» DATASET

"""

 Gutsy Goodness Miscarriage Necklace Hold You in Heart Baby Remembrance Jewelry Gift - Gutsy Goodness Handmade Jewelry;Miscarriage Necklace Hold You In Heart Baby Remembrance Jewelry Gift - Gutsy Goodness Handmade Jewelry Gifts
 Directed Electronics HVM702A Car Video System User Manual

"""
"""

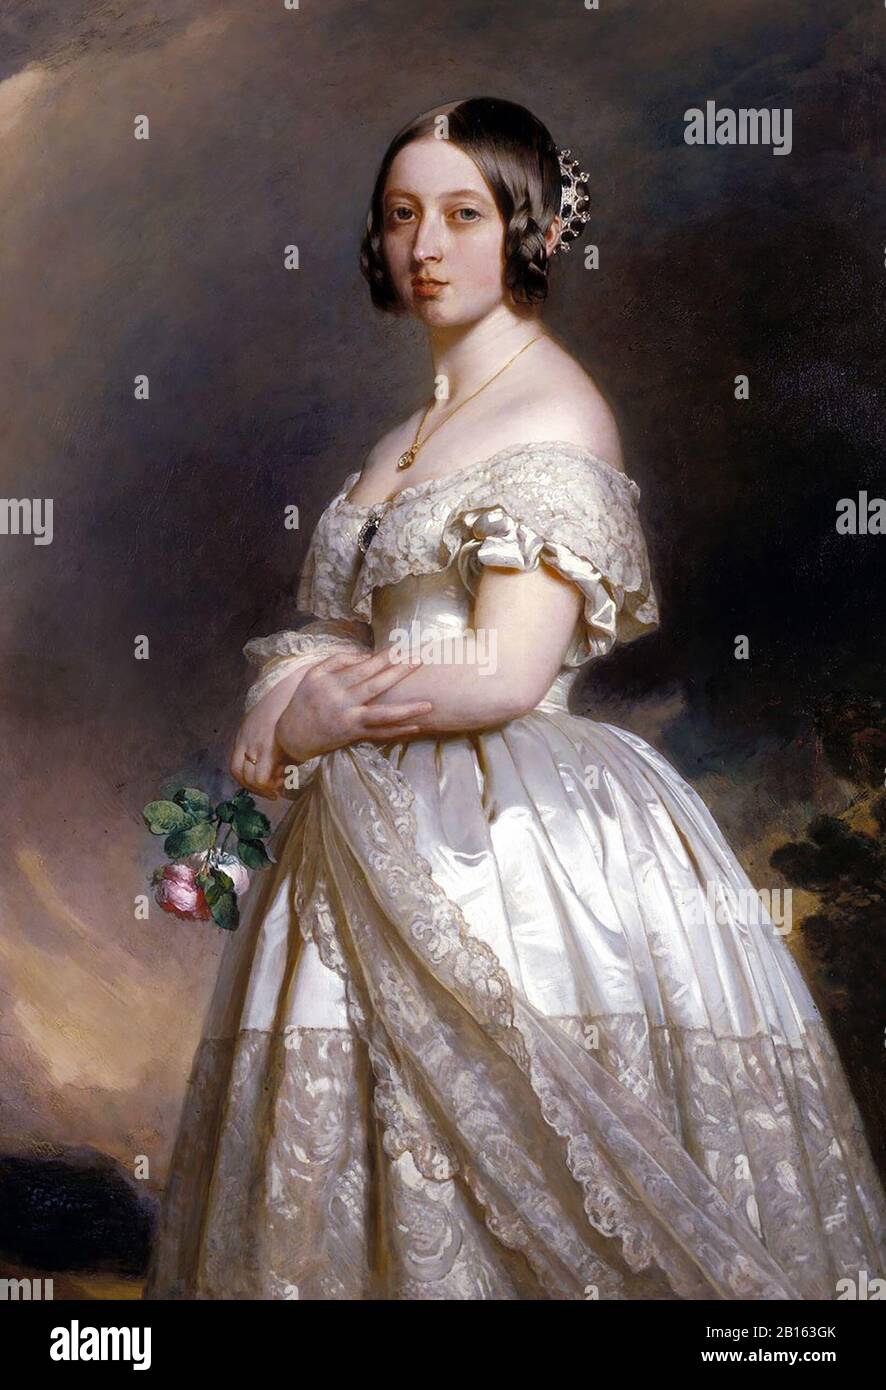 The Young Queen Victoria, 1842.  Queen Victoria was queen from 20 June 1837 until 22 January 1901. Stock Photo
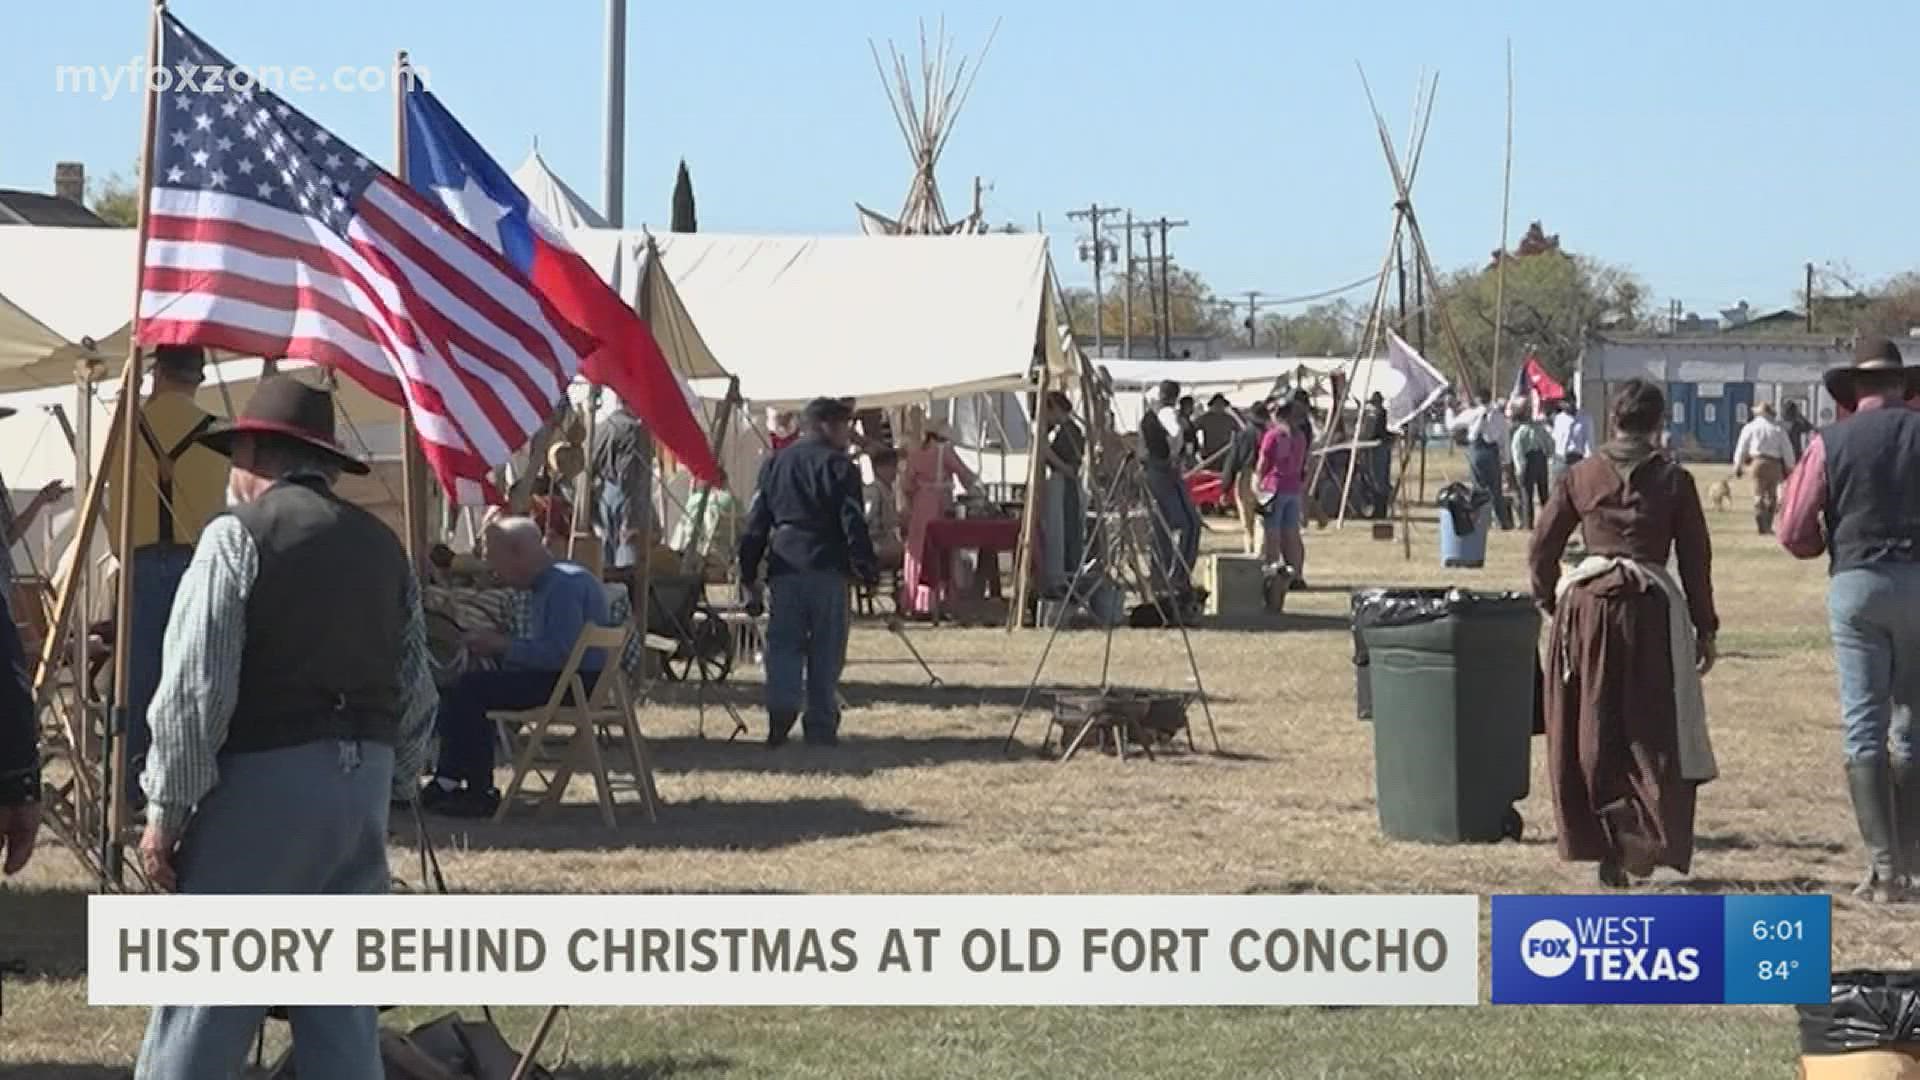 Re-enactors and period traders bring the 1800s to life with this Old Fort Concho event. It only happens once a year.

"""
"""

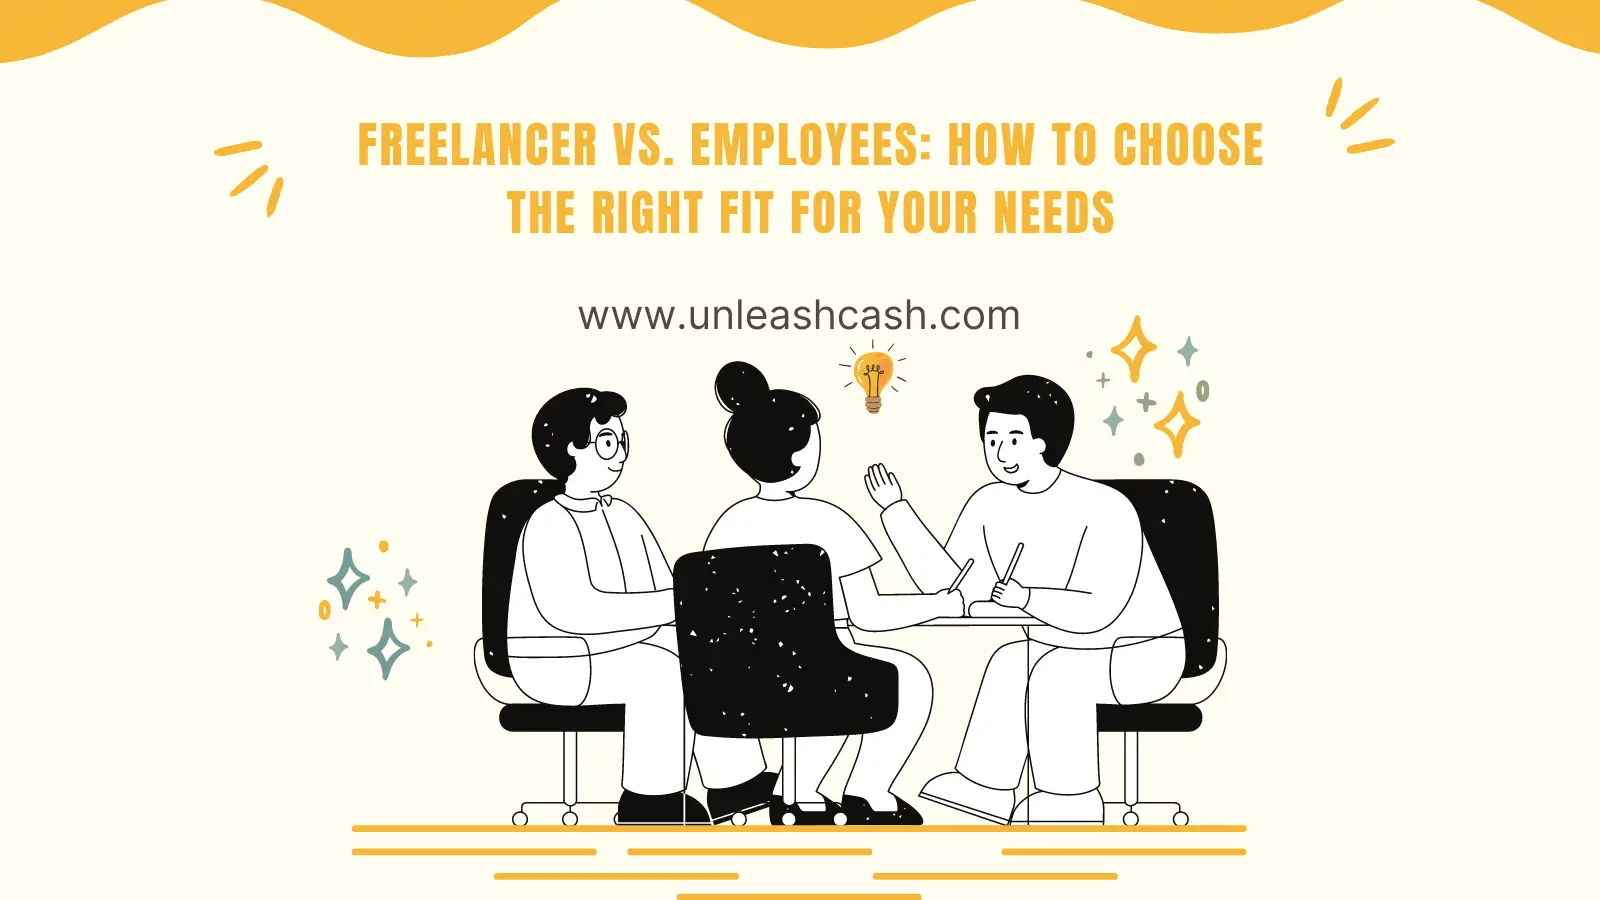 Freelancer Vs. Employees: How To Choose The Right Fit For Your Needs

"""

Look above for the line holding "Gutsy Goodness Miscarriage" and the line holding "Directed Electronics HVM702A". Retype both, and every line between them, word for word and nothing else.

 Gutsy Goodness Miscarriage Necklace Hold You in Heart Baby Remembrance Jewelry Gift - Gutsy Goodness Handmade Jewelry;Miscarriage Necklace Hold You In Heart Baby Remembrance Jewelry Gift - Gutsy Goodness Handmade Jewelry Gifts
 Directed Electronics HVM702A Car Video System User Manual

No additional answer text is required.